> DATA SECTION
┌──

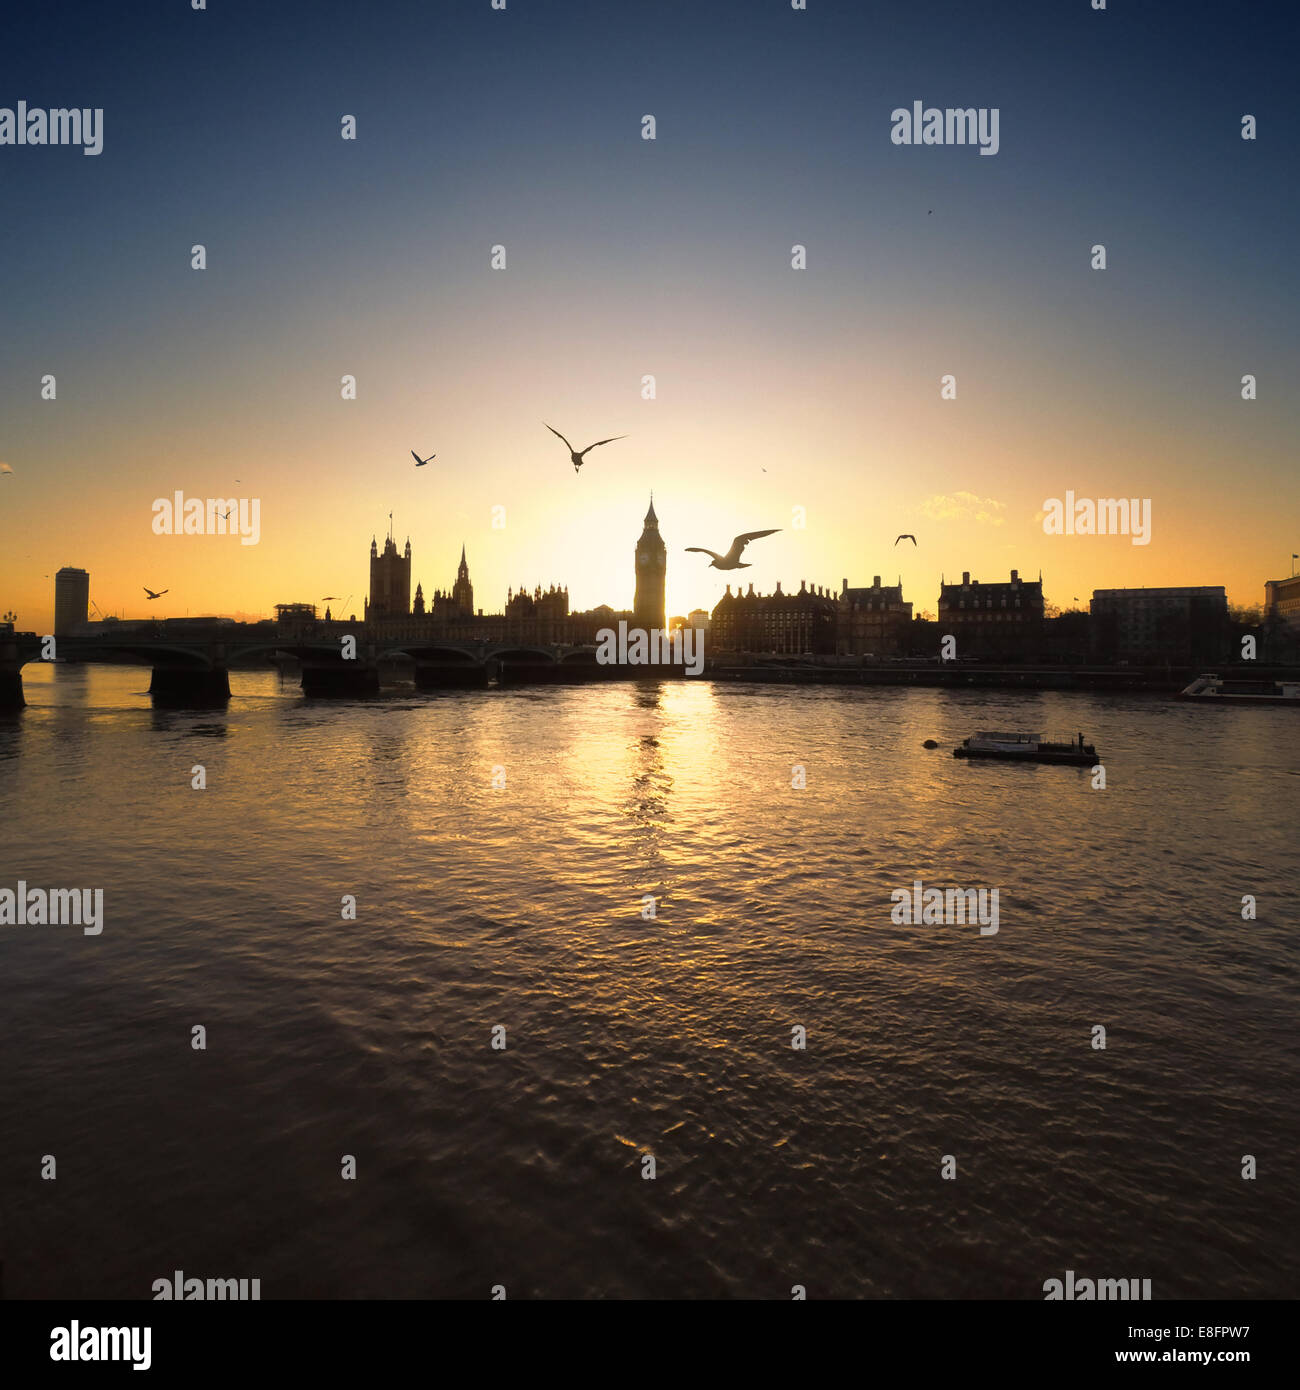 United Kingdom, London, Palace of Westminster at sunset - Stock Image
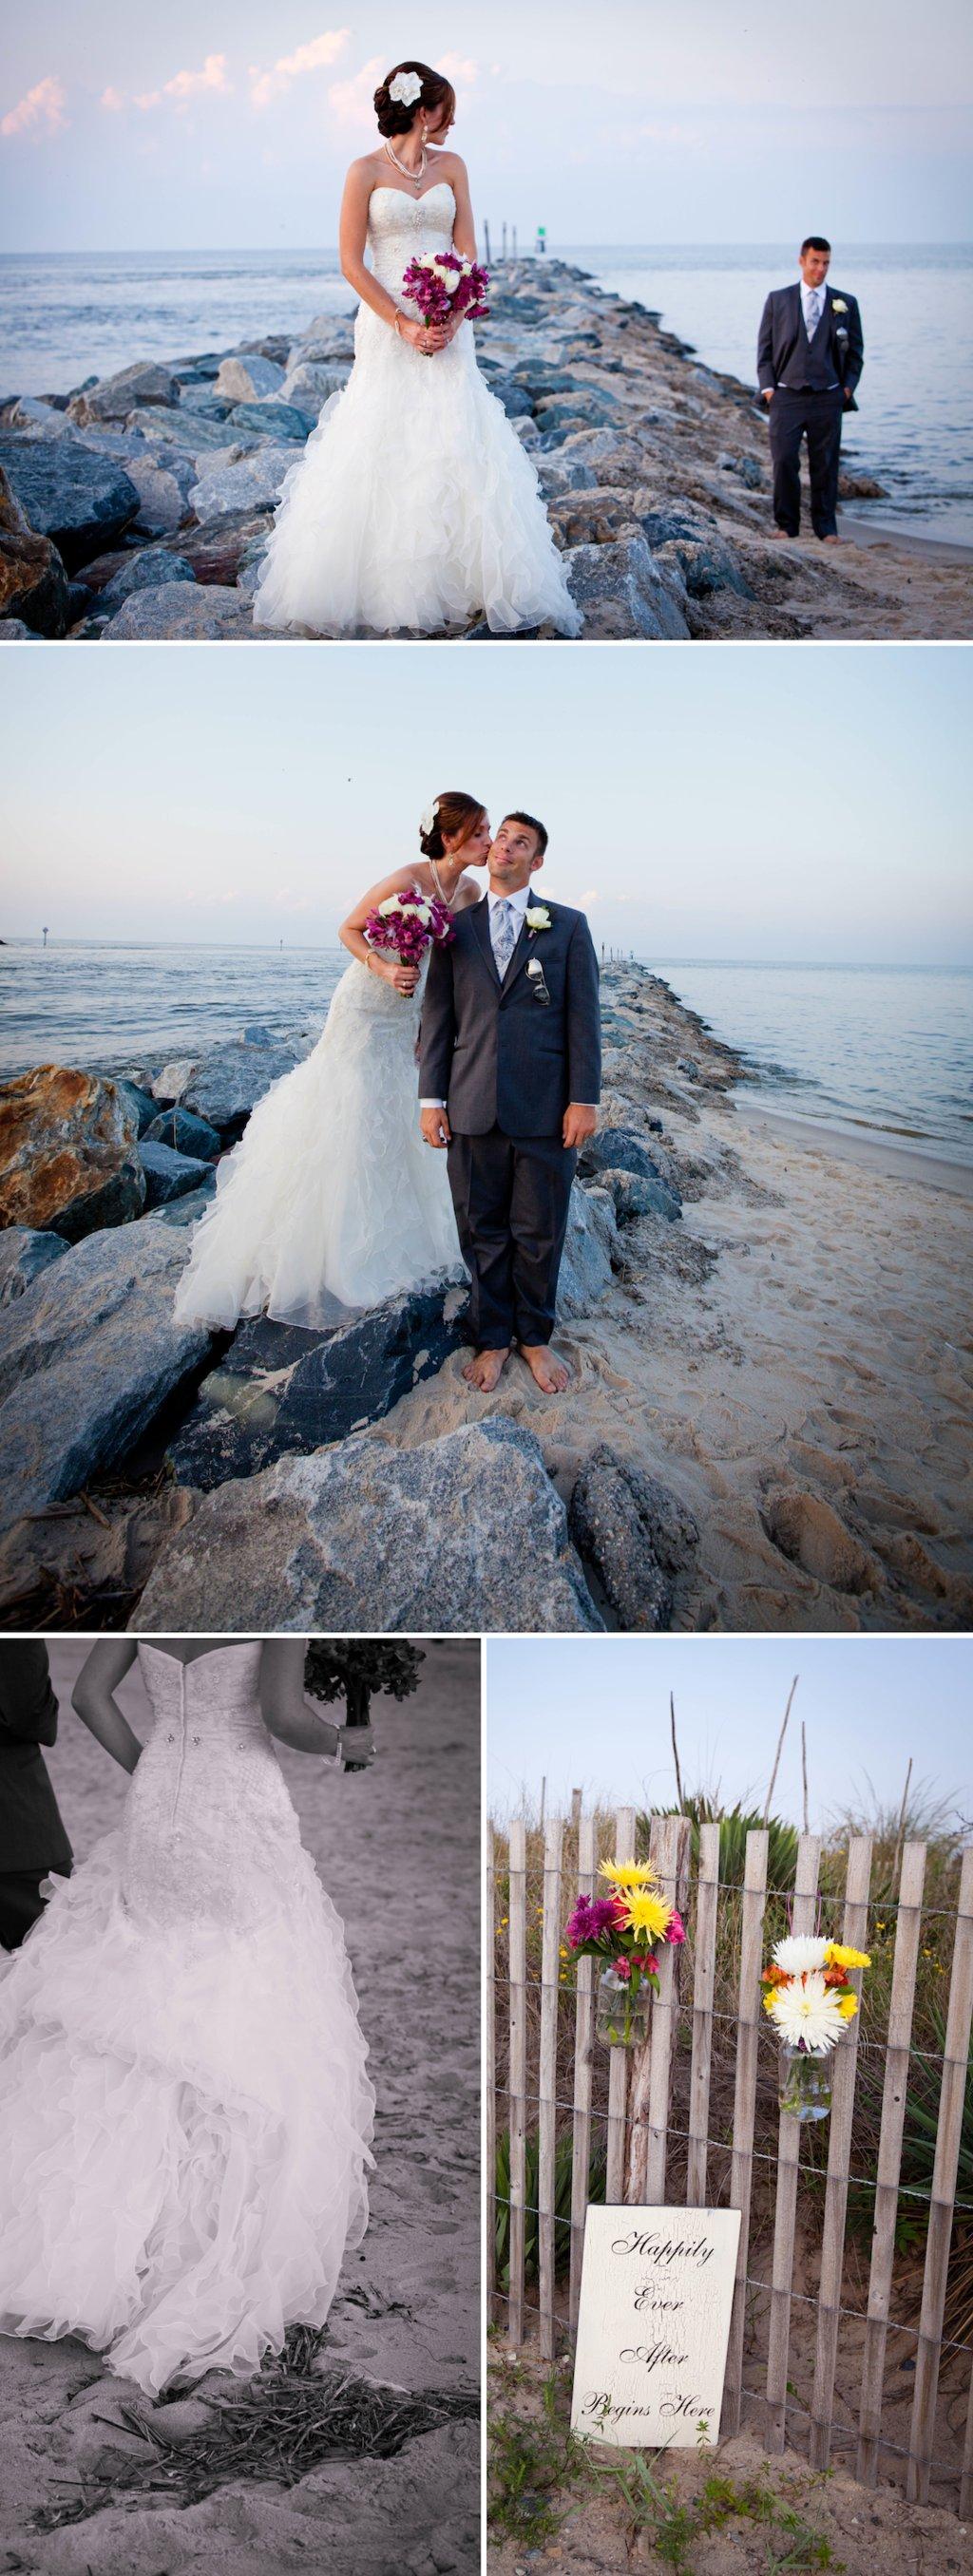 Beach-wedding-in-deleware-rustic-backdrop-wedding-party-photos-3.full
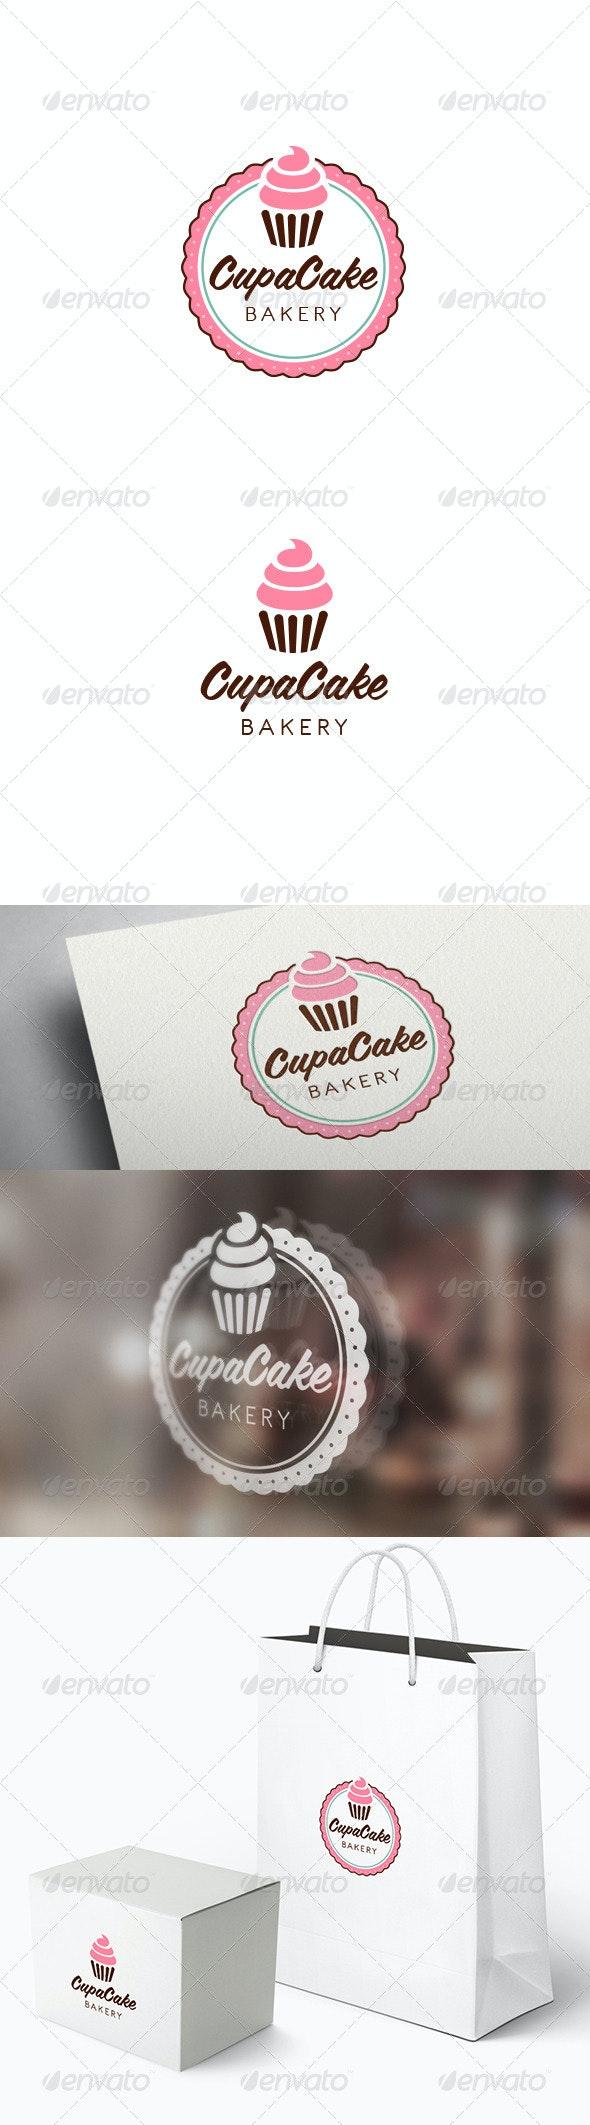 Cupacake Logo Template - Food Logo Templates
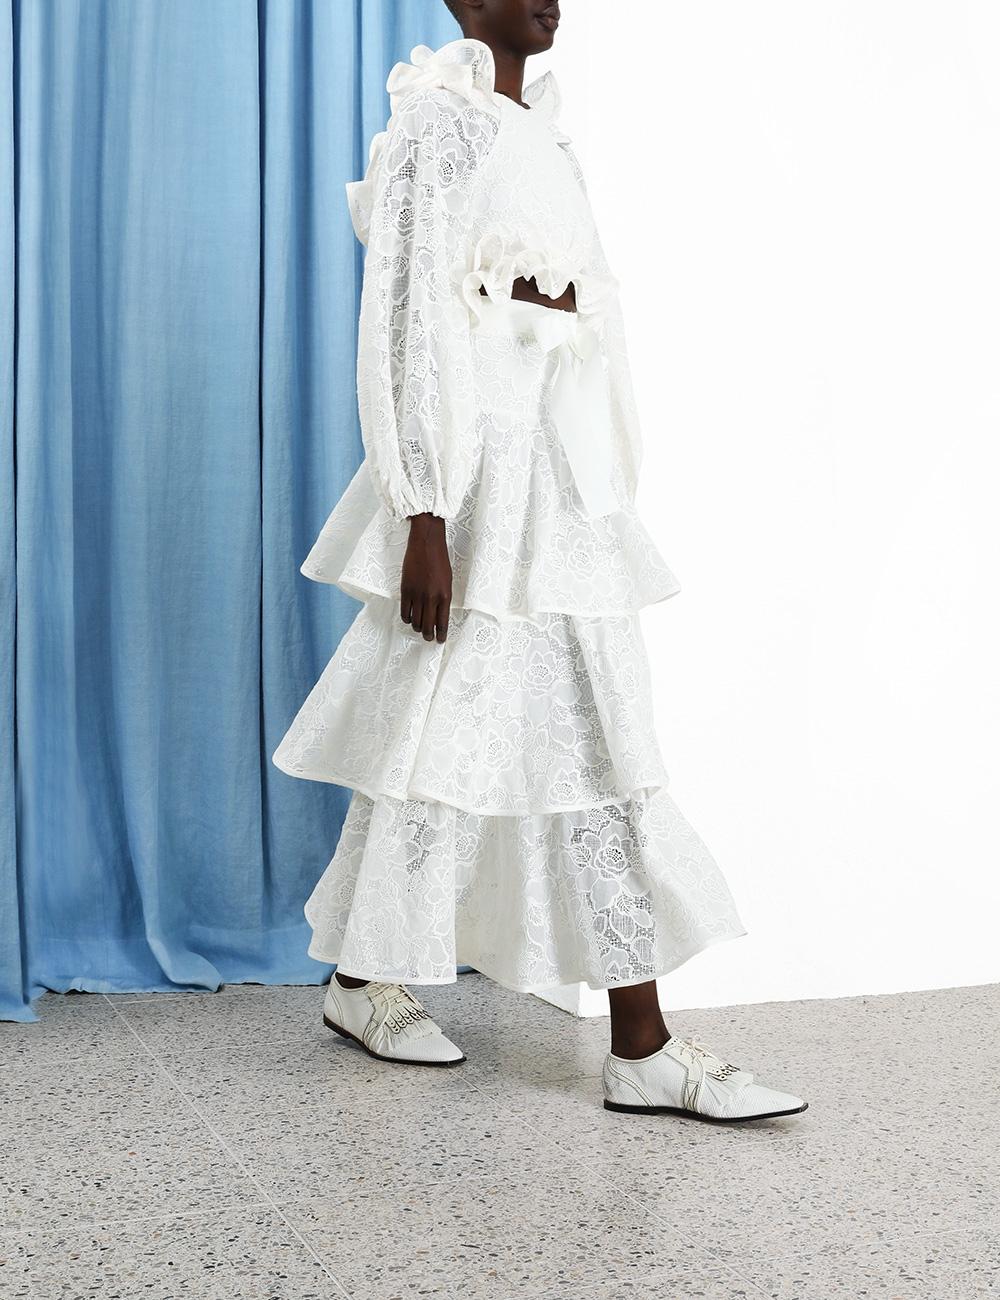 The Lovestruck Lace Skirt

└──

> THE PROBLEM
Without the pictures, repeat the listing word for word.

> EXERCISE ANSWER
 United Kingdom, London, Palace of Westminster at sunset - Stock Image
 Beach-wedding-in-deleware-rustic-backdrop-wedding-party-photos-3.full
 Cupacake Logo Template - Food Logo Templates
 The Lovestruck Lace Skirt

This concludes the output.